*EXERCISE DATA*.
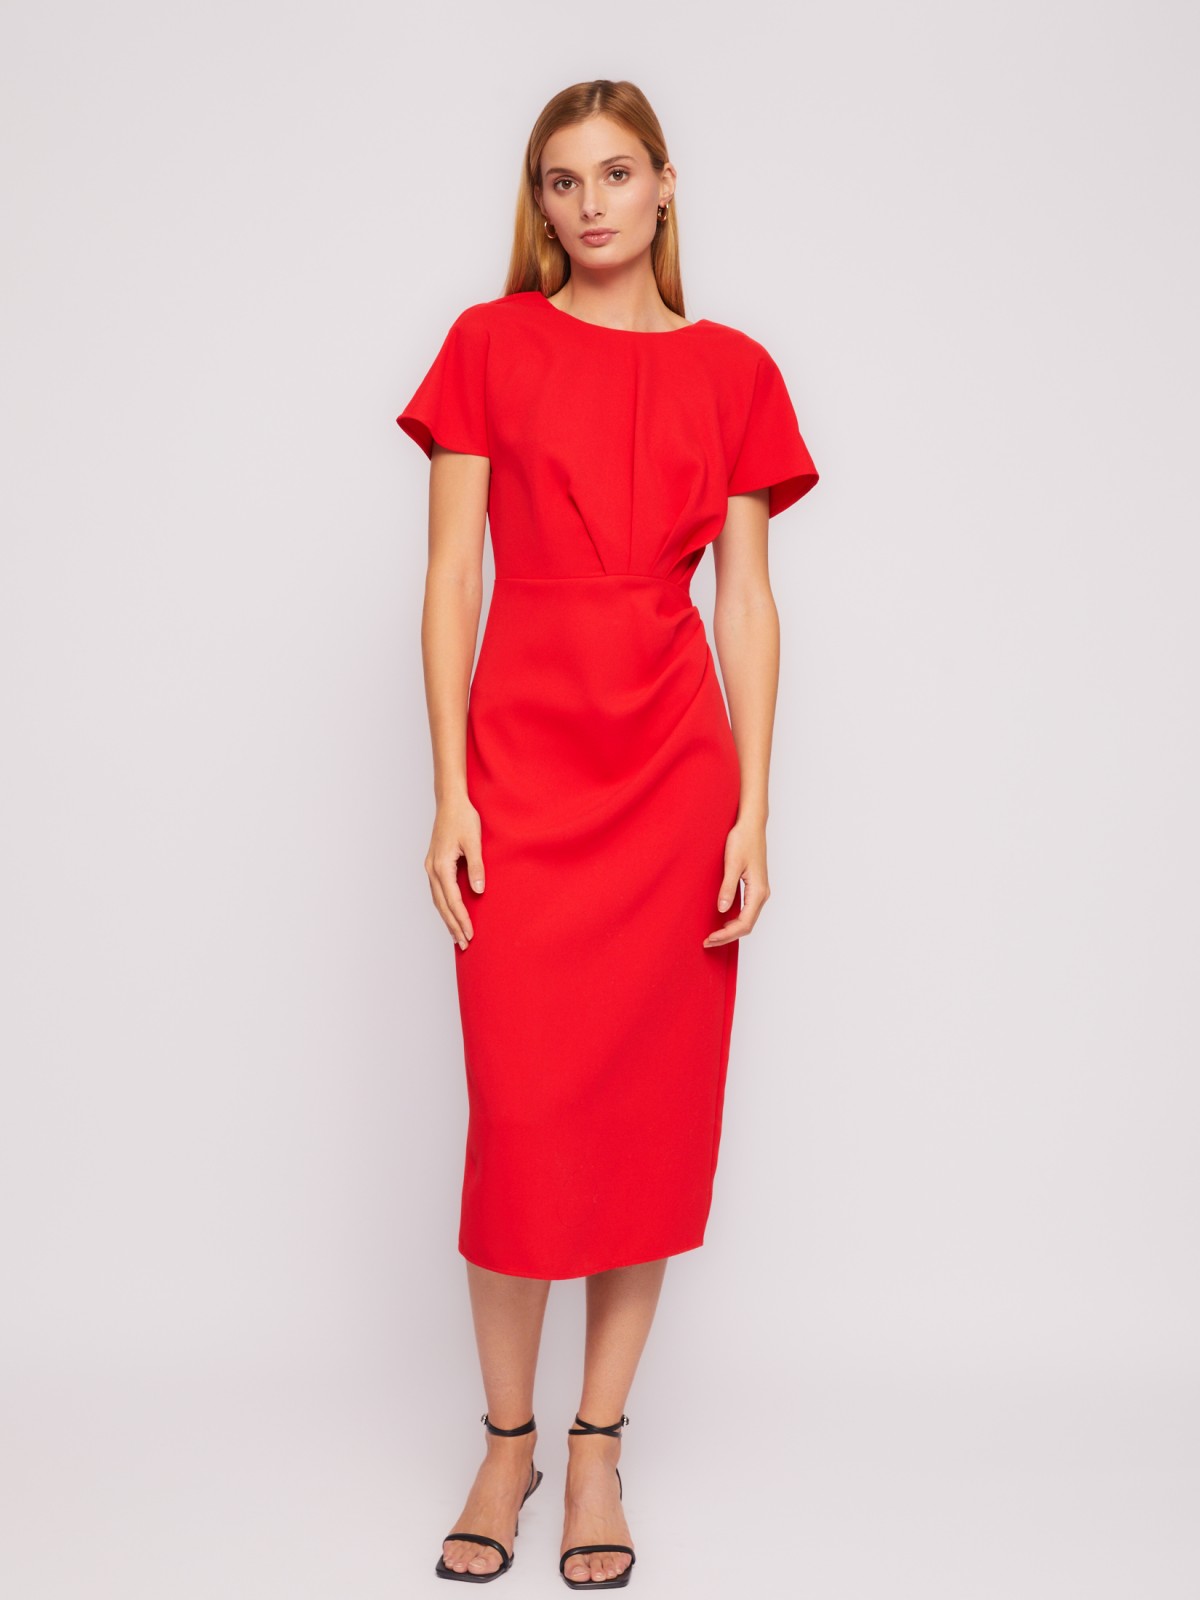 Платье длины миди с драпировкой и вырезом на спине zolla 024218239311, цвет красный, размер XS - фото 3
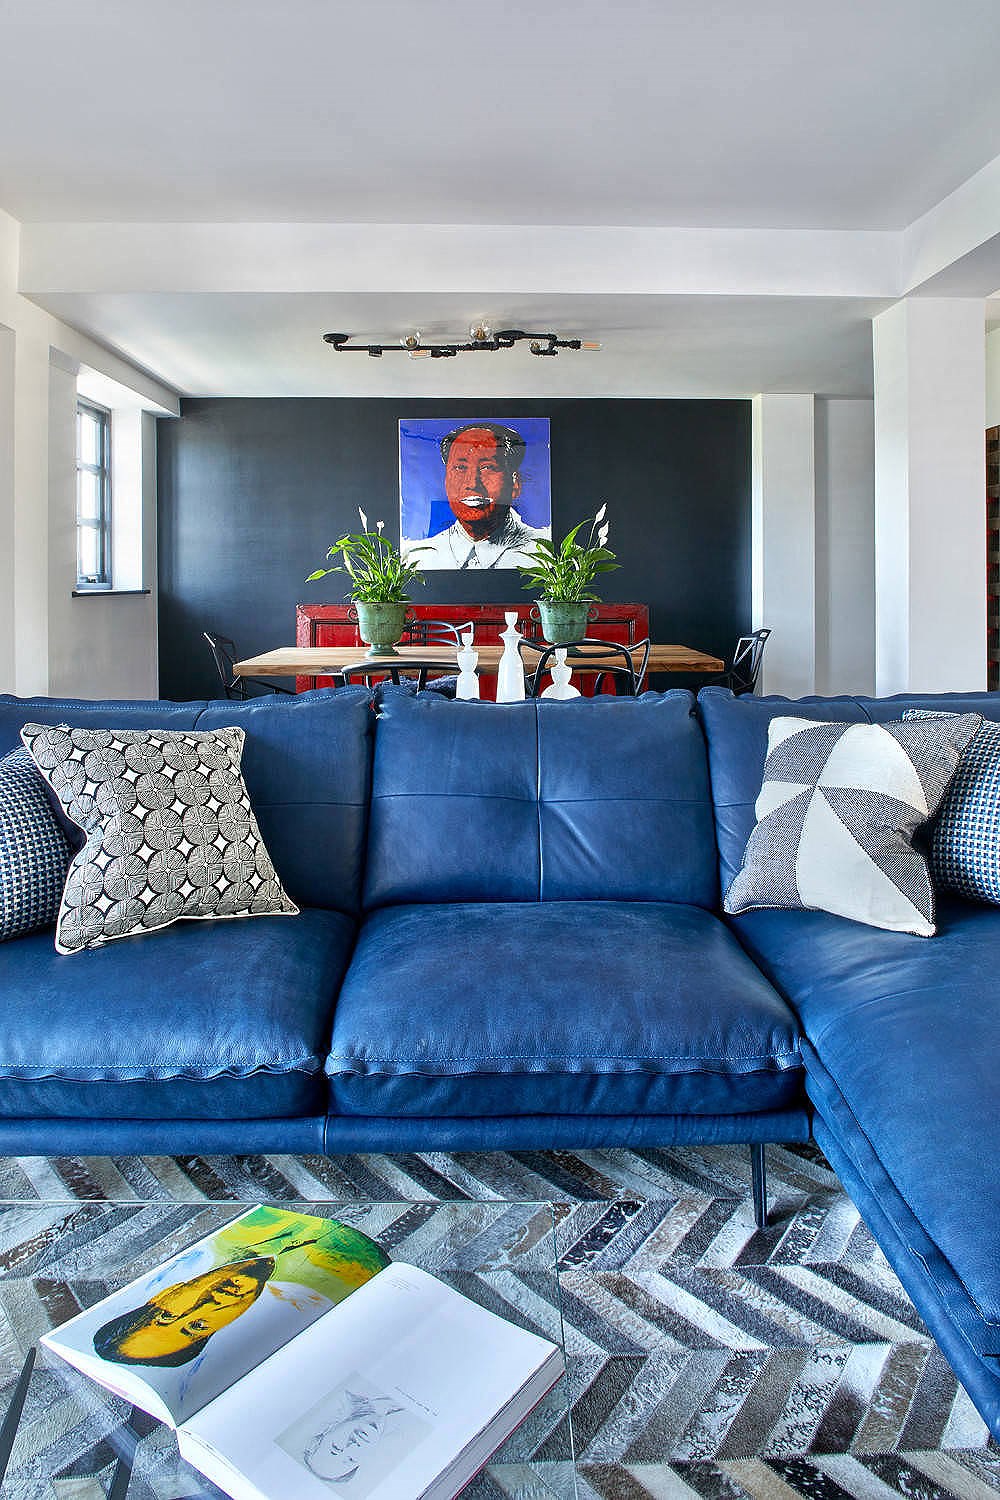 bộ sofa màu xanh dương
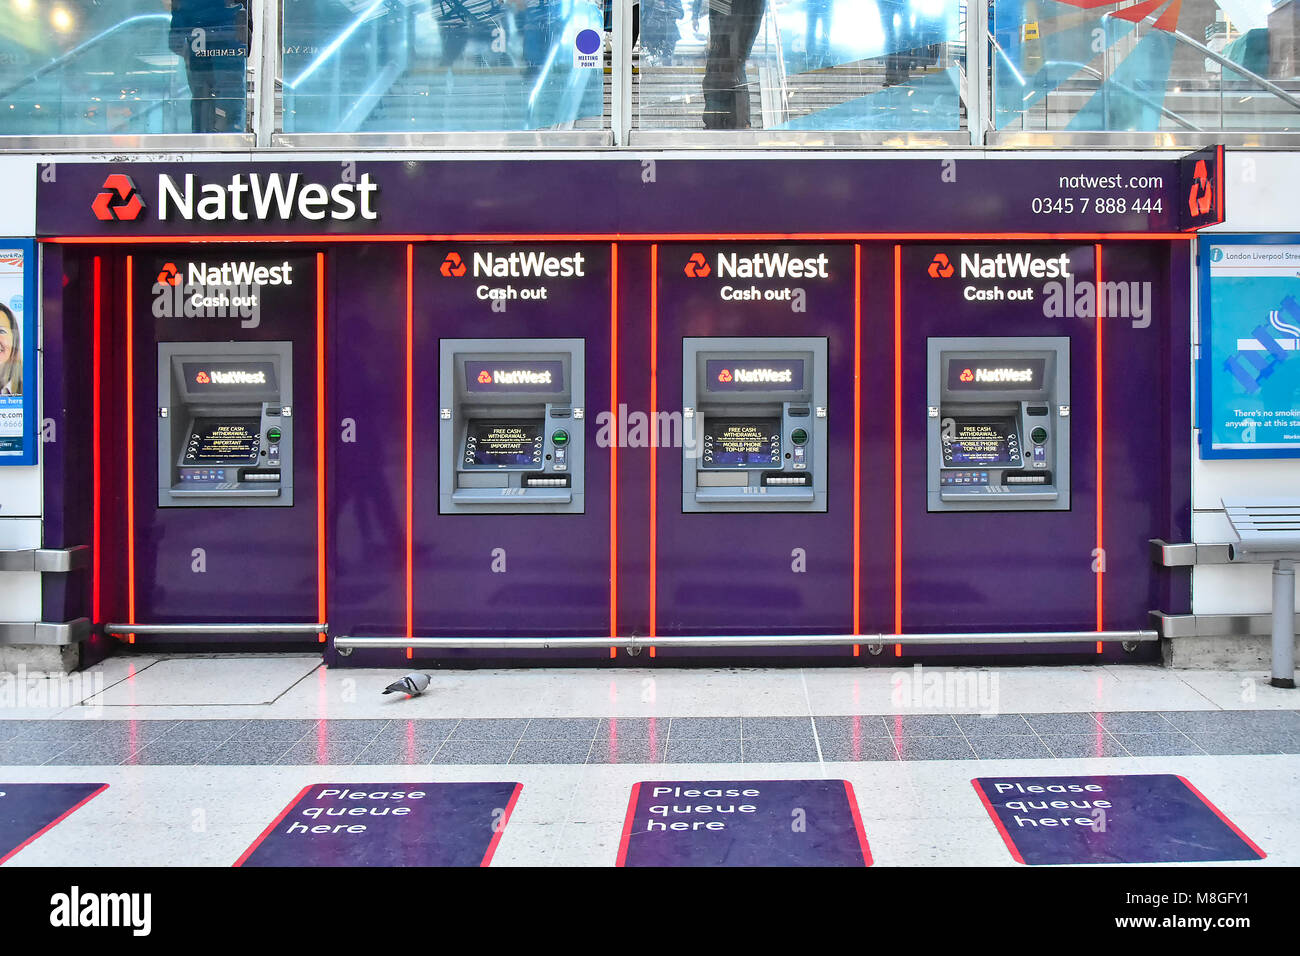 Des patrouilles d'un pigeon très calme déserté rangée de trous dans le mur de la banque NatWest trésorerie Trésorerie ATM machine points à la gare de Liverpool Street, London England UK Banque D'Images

*AIM OF THE TASK*. Starting at the top of the listing above, reproduce each line up to and including the one with "bộ sofa màu xanh dương"; omit the pictures.

*RESULT*.
 Платье длины миди с драпировкой и вырезом на спине zolla 024218239311, цвет красный, размер XS - фото 3
 bộ sofa màu xanh dương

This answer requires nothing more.